‘I think they’re sick. You don’t get it, if they’re sick, then I am too.’ Writer-director Trey Edward Shults’s good but gloomy and depressing horror movie stars Joel Edgerton, who is doing his usual sterling job here, putting the edgy into Edgerton as Paul, the ultimate survivalist dad in a world of demons, monsters or… well what exactly?
Paul has managed to establish some kind of domestic order in the post-apocalypse chaos, living with his wife Sarah (Carmen Ejogo) and 19-year-old son Travis (Kelvin Harrison Jr) in a large, abandoned-looking, boarded-up house in the woods, as an unnatural threat terrorises the world.
A man tries to break in to the house at night and Paul deals with him ruthlessly, knocking him out, tying him up to a tree with a bag over his head (‘I want honest answers. Do you have any idea what’s going on out there?’). But, later under duress and questioning, he eventually reveals his name is Will (Christopher Abbott) and he is looking for water to keep his wife and child alive. He seems plausible and the sceptical Paul is finally convinced – though his advice to his son remains ‘ ‘trust no one’ and ‘you can’t trust anyone but family’.

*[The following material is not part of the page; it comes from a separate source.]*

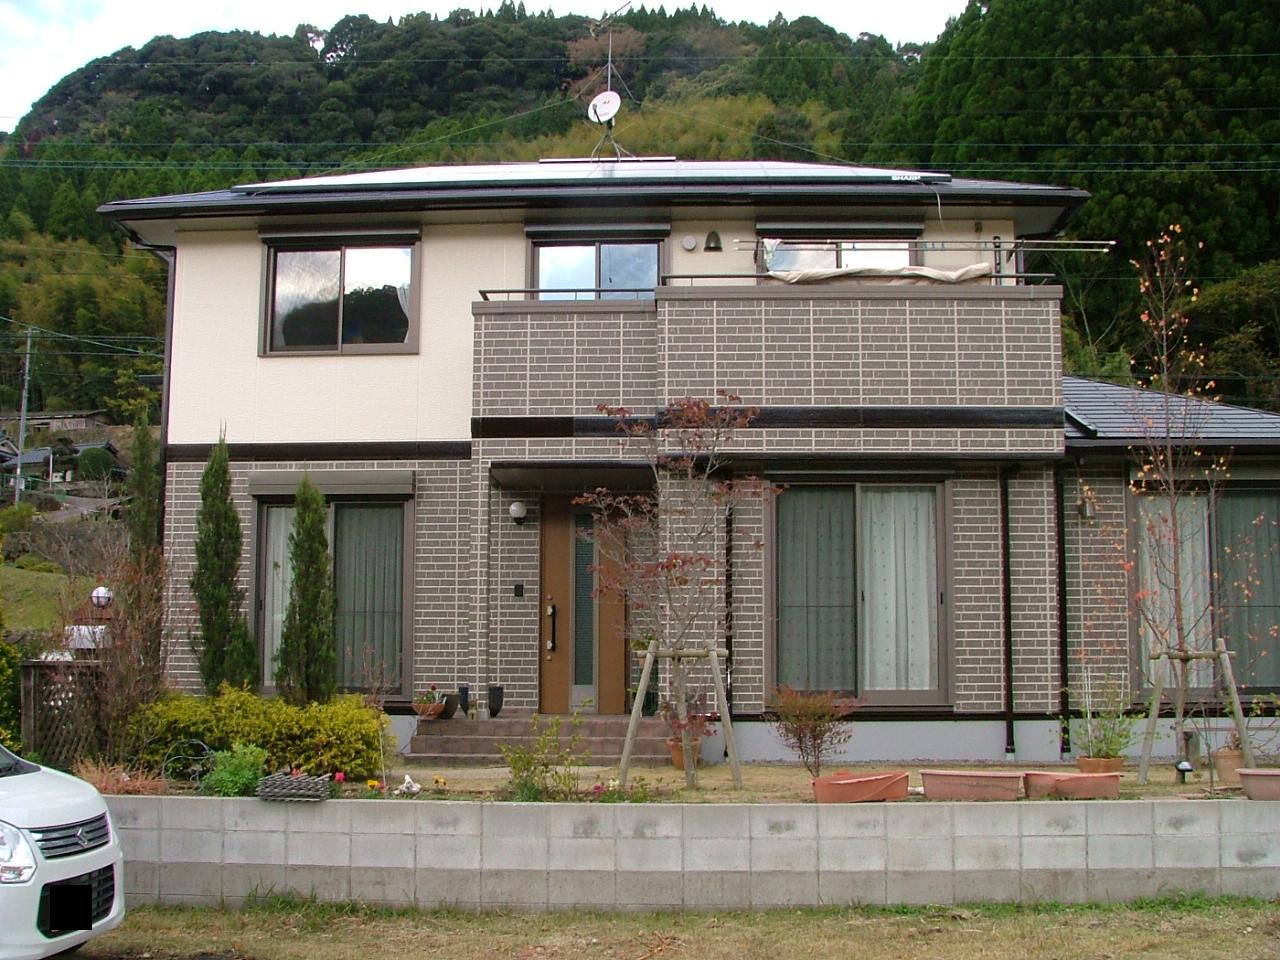 S様邸外壁屋根塗装工事施工後写真。タイル模様になっていた1階壁とベランダ壁は目地取り工法でタイルの質感そのままに施工しました。
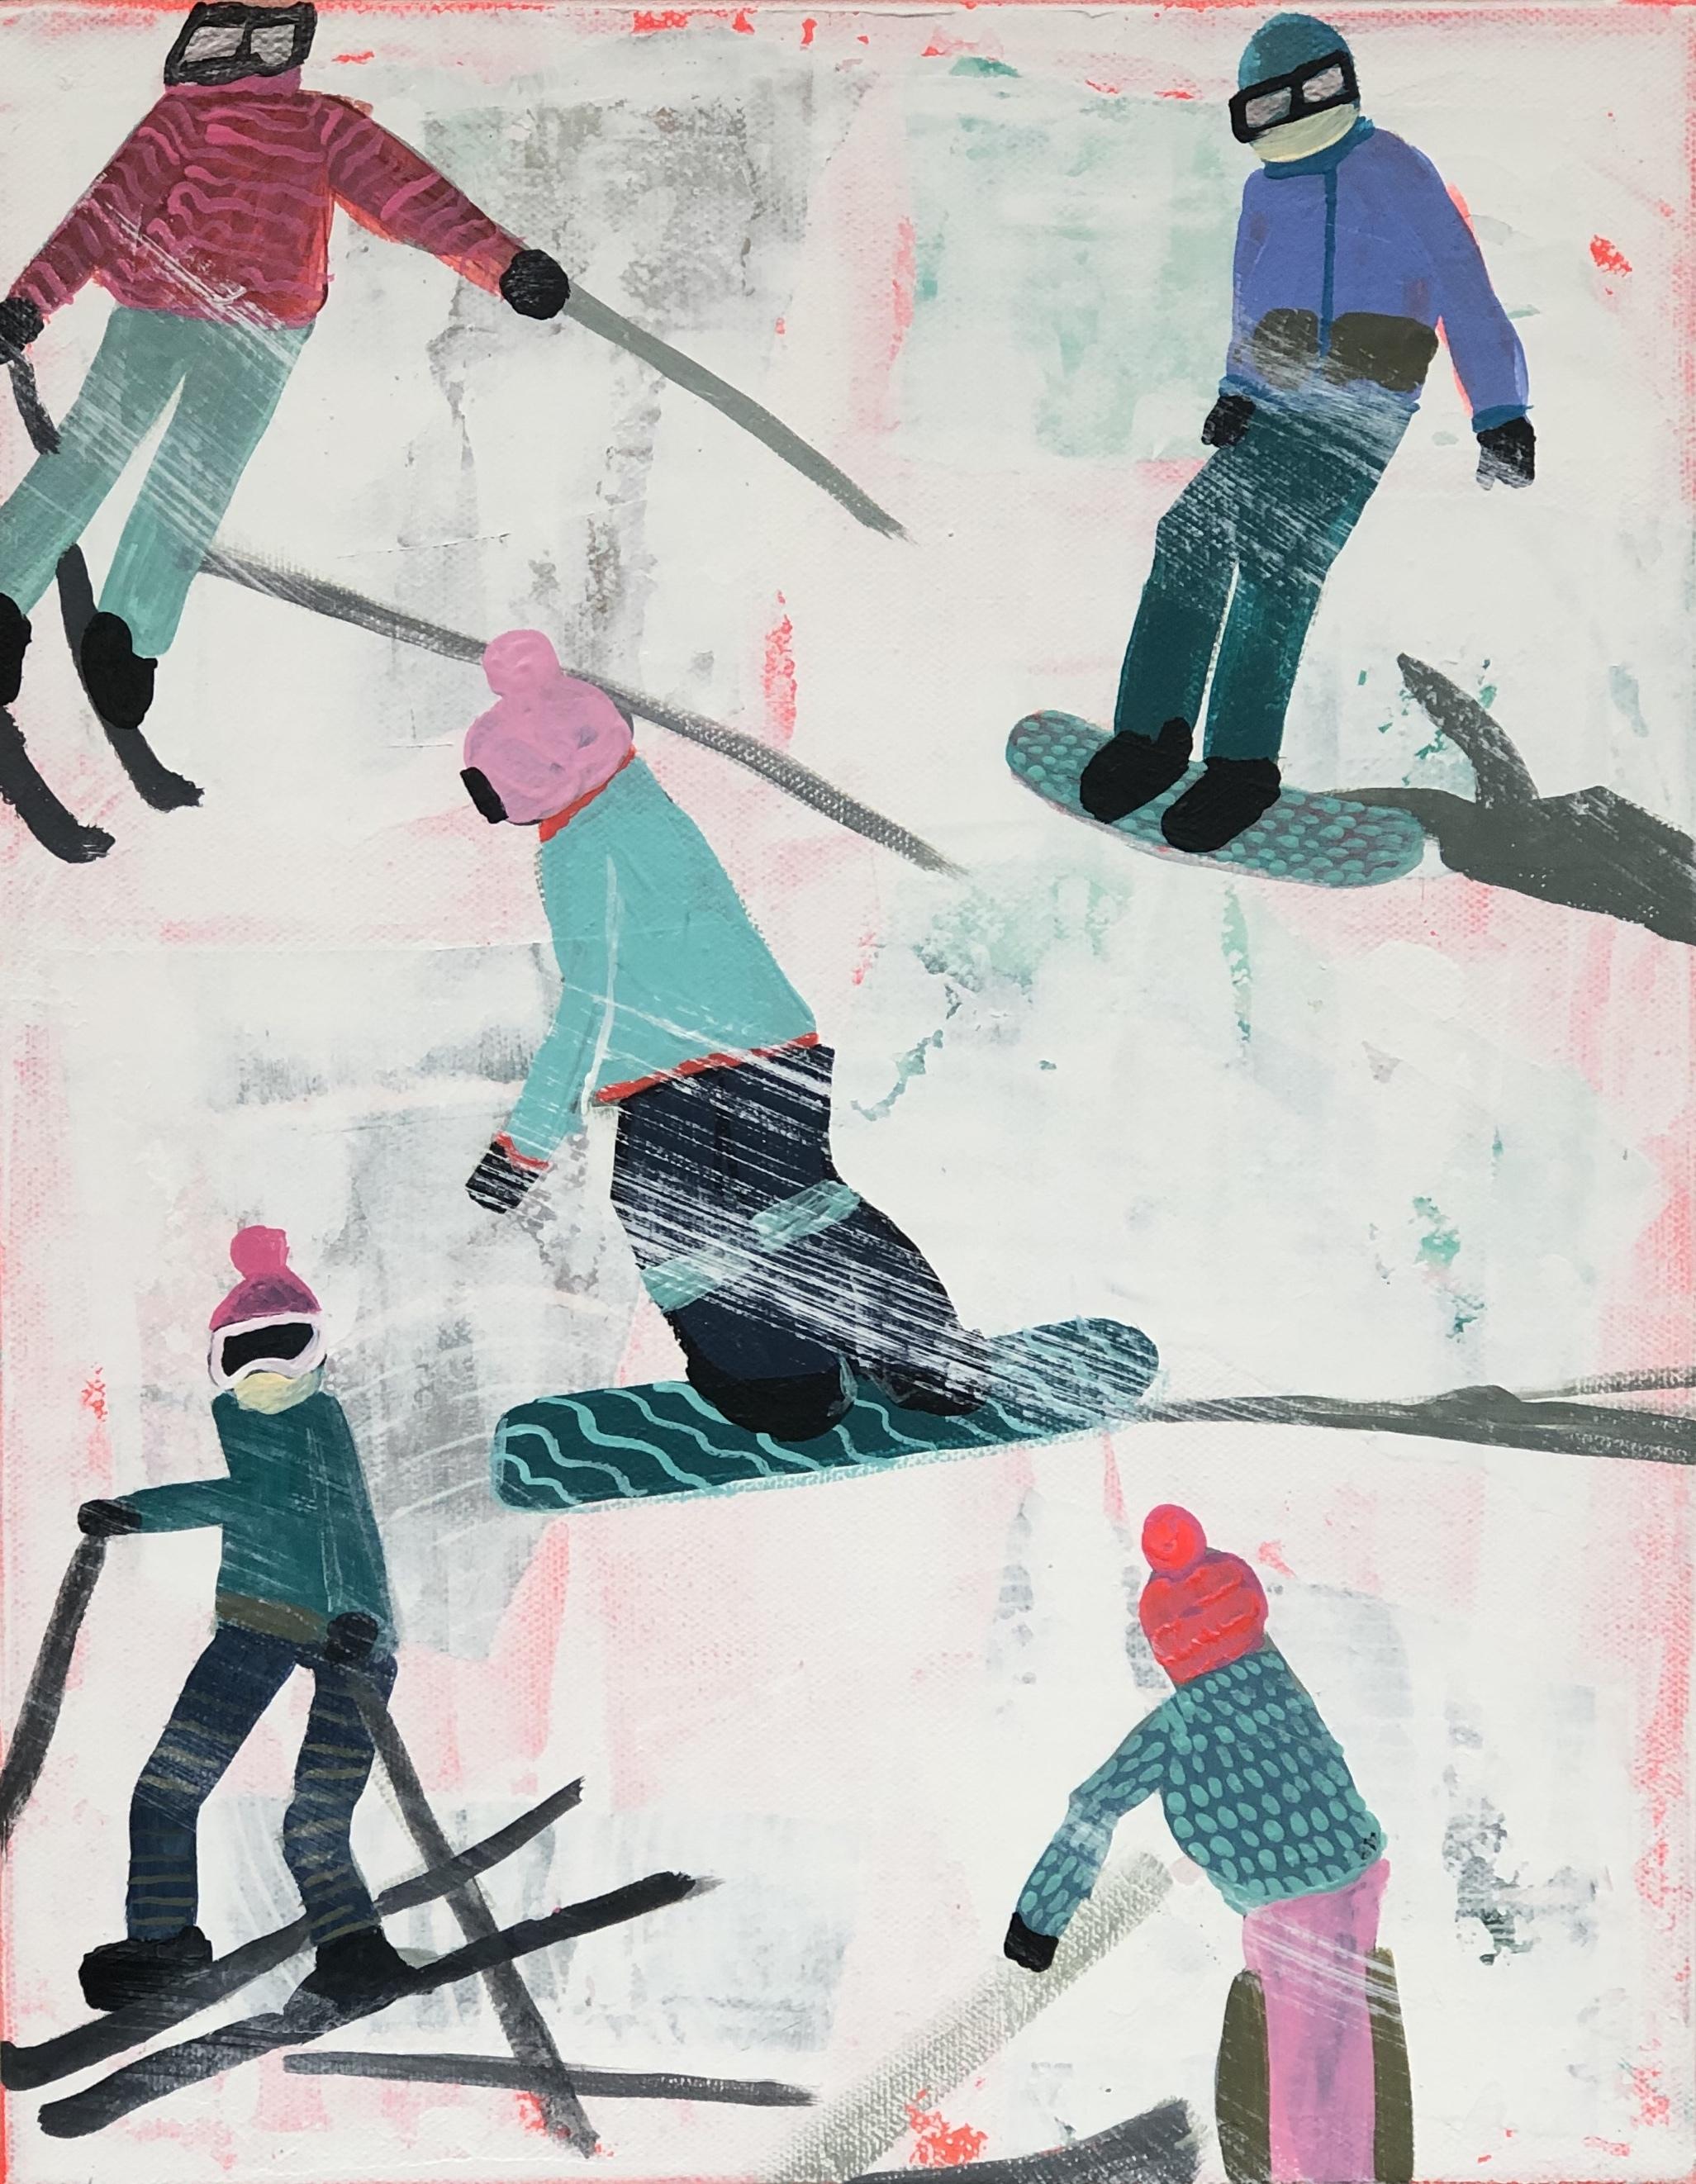 Slope Party No. 1 Print

Paul and Will set off in the car together, and the ensuing arrival of the desperate young wife Kim (Riley Keough) and small child seeking refuge is a situation that starts well (‘ I’m going to try and help you and your family’) but soon leads to mistrust and paranoia. It finally puts Paul and his family to an ultimate life-or-death test as the horrors outside creep ever closer. Paul’s battle to protect his family is so agonisingly full on it hurts.
[Spoiler alert] Shults keeps his film very tense, taut, eerie and sometimes scary. It movies along grippingly and swiftly for its 90 minutes, concentrating hard on developing the situations and characters, without really ever feeling the need of trying to explain itself. It’s like an Agatha Christie without the final scene revelation of the killer. In that way, the film boldly ends rather inconclusively and at an unsatisfying point in the story.
You feel there’s more of the story. The film is entirely complete but, to pull it in on the $5,000,000 budget, maybe they have to tear up a few pages of the script at the end. This slightly means it doesn’t send you home with a huge surge of relief or good feeling. But, as soon as you think it over, you are back in the mindset of just how good the movie is.
The title is catchy but probably a mistake, as it is hugely misleading, promising a monster movie that just isn’t the film we get.